Each student has continued to strengthen their personal digital talent profile through engaging in these activities. Each student’s profile contains a video reflection on learning for each job function completed, a series of artifacts demonstrating proof of completion of each Standard Operating Procedure within the job function, a teacher issued “Seal” of competency, evidence of making logical connections to related industry jobs and educational programs, student self-awareness on their emotional response to completing each job function, identification of tools and technologies engaged, and competency alignment to academic standards.  

Additionally, students added careers, jobs, companies, educational programs, degrees, and certifications to their educational development plan (located in the Mavin platform) through the aligned career exploration activities associated with each job function. 

In total, 40 students — more than half of the eighth-grade population — have completed the “Assemble an IoT Device and Connect to the Google Cloud” job function. In addition, 30 eighth-grade students have completed the “Introduction to Cybersecurity” job function.  Finally, eight high school students who are a part of the FFA Rural Tech Lab class have also completed both job functions. This represents 100% achievement for the targeted population initially identified for the Rural Tech Project at the high school level.

Upcoming 

Students are building toward a STEM index score. The score will indicate what jobs they are eligible for in the region, what compensation range they might achieve, and the availability of open positions they can compete for. The team then plans to work with Talent 2025 — a West Michigan industry collective representing 200 employers — to help them evaluate their own employees’ current STEM scores for current state vs. desired future state to prepare for AI automation that is transforming agriculture, healthcare, and manufacturing. This will enable the employer to identify public educational resources to develop their own workforce for the current state, and work with local school districts and educational service agencies for future state workforce. 

Fall 2021 semester update

The focus for Ravenna Public Schools over the past quarter has been implementation at scale — moving from a small pilot group of students this past summer to full-size STEM classes. These classes are part of the Grow Main Street Precision Agriculture Module, which will empower students to develop competencies and build portfolio experiences deploying technology in modern-day agriculture applications. The module includes the following deliverables: assemble an IoT device that measures temperature, publish that data to Google Cloud, and develop a data model to construct a cybersecurity threat. While students worked on the module over the past semester, they were introduced to related careers in electrical engineering at John Deere and cyber information assurance at Northrop Grumman, as well as related educational programs at the university level.

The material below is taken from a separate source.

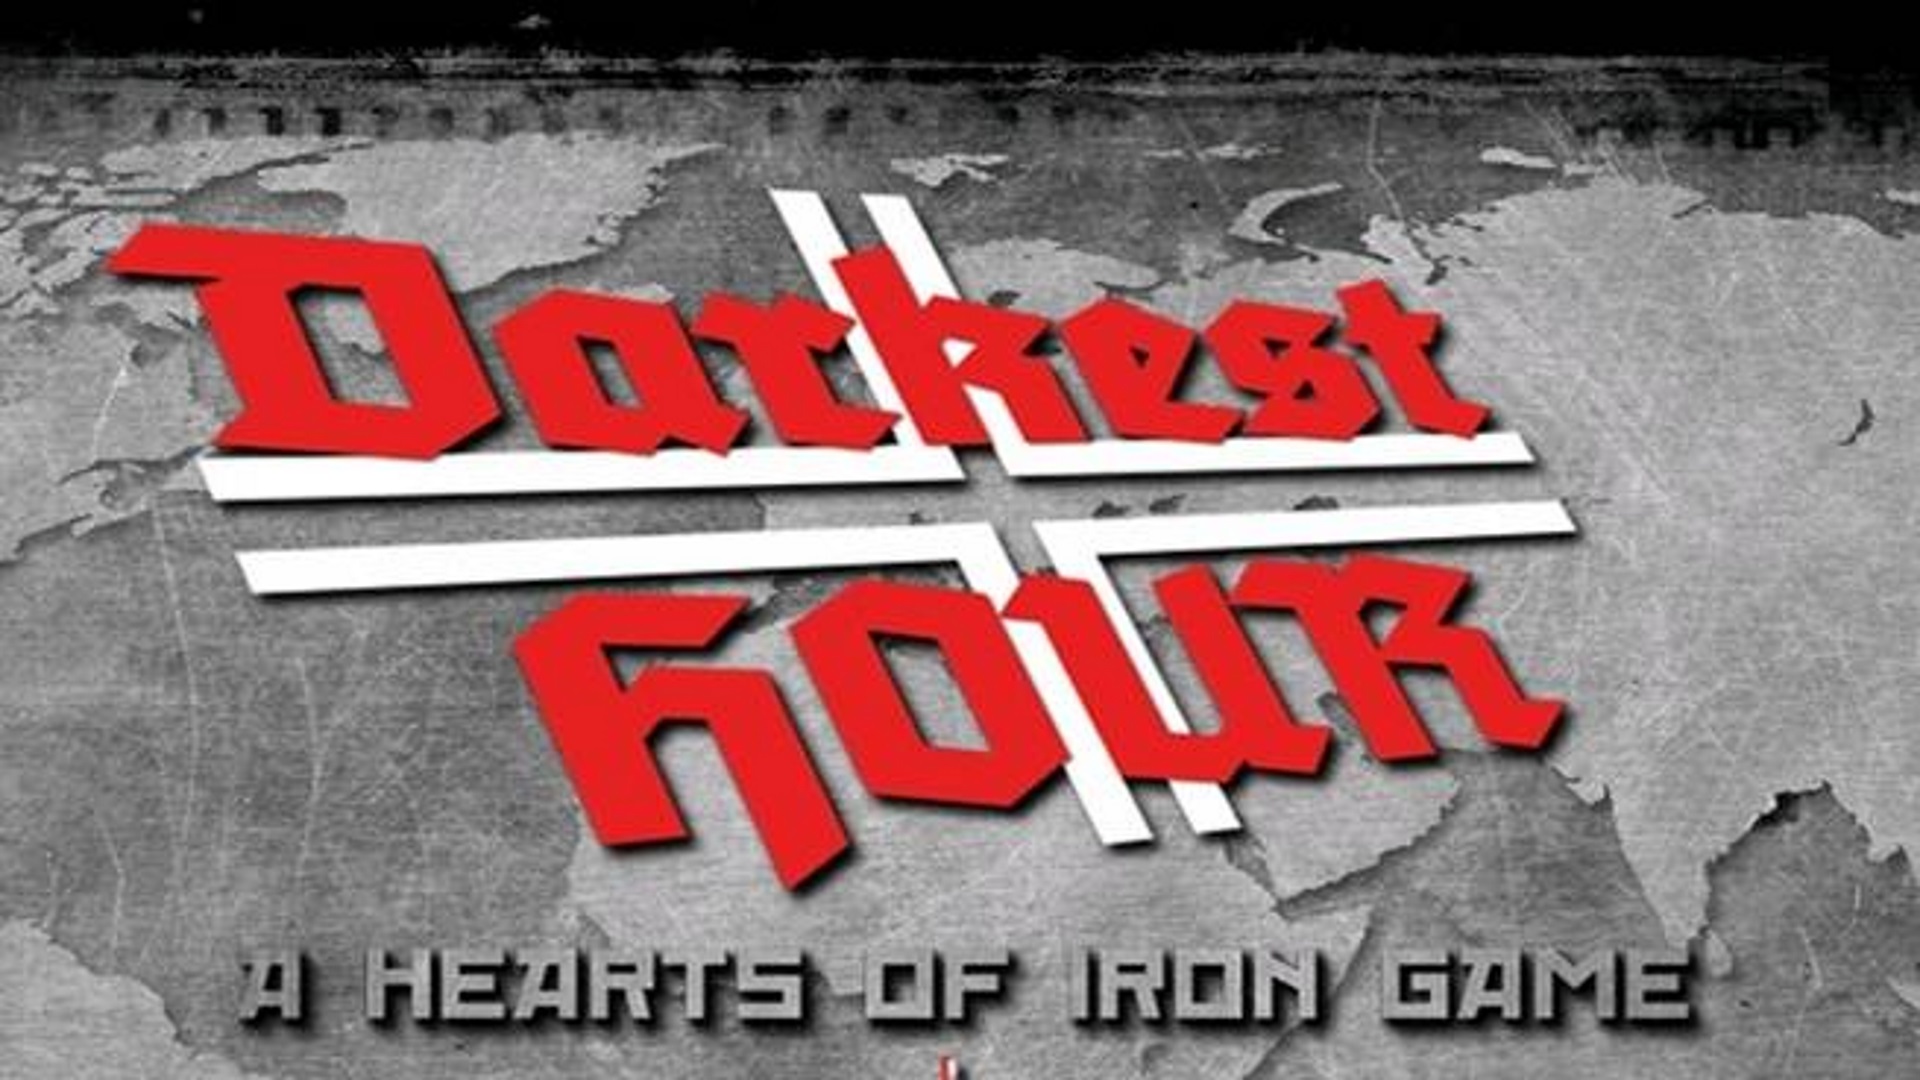 darkest hour a hearts of iron game

The rollout to classrooms is part of tackling the problem of scale. Ravenna’s goal was to adjust the learning experience so that students wouldn’t have to travel to a physical CTE location. Ravenna’s leadership wants all students, regardless of their geographic location in a rural area, to have access to and engage in competency-based education to develop technology skills. However, the team learned that it was not possible for a teacher to monitor and provide support in real time to a classroom of students who are completing the module. All in all, 17 students have completed or are in the process of completing the Precision Agriculture Module in Grow Main Street. An additional 50 students in two eighth-grade classes at Ravenna Middle School will complete the Precision Agriculture Module in the coming weeks.

As part of their experience, each student will construct a personally owned and managed digital talent profile. Eventually, features embedded within Ravenna’s instructional platforms will be used to help teachers monitor progress and provide feedback to students, allowing the teacher to spend more time supporting the students who need them the most, and less time on lesson planning, curriculum development, and formative assessment and feedback.